Required action:
Two lines mark the range in the entries below: the one holding "New Balance 327" and the one holding "Bangle, Set of 3". Set down those two and all lines between them, exactly.

Input data:
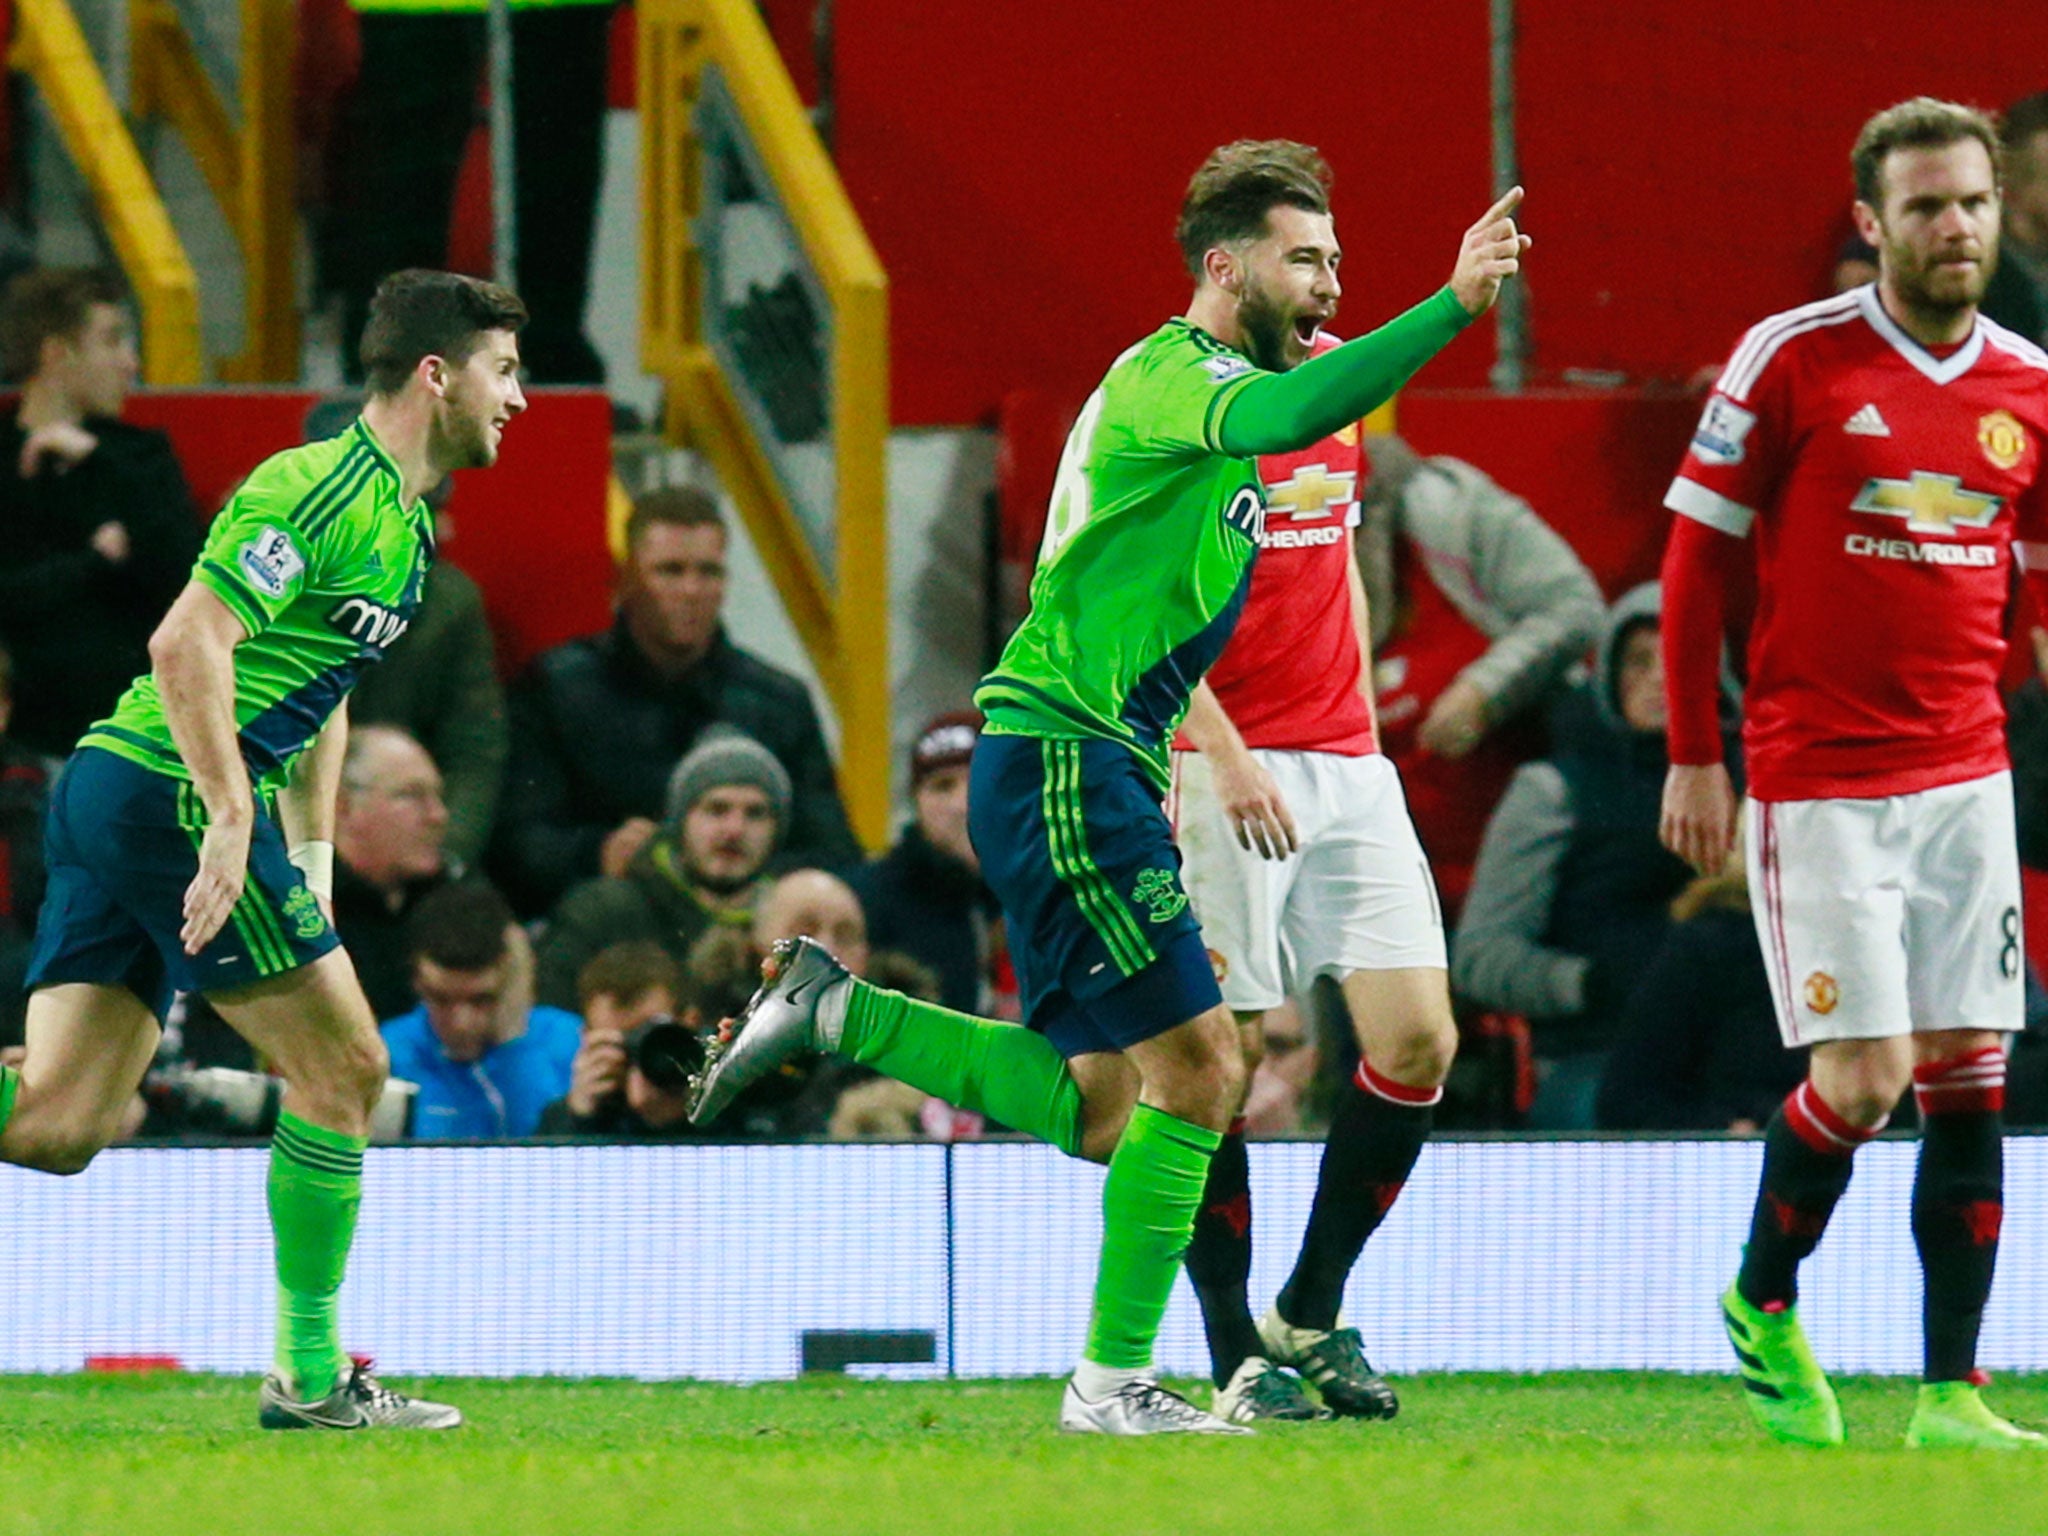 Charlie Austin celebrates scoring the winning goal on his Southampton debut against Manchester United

...

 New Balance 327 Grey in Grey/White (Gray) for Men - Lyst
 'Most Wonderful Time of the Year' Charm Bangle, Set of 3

Solution to this exercise:
 New Balance 327 Grey in Grey/White (Gray) for Men - Lyst
 'Most Wonderful Time of the Year' Charm Bangle, Set of 3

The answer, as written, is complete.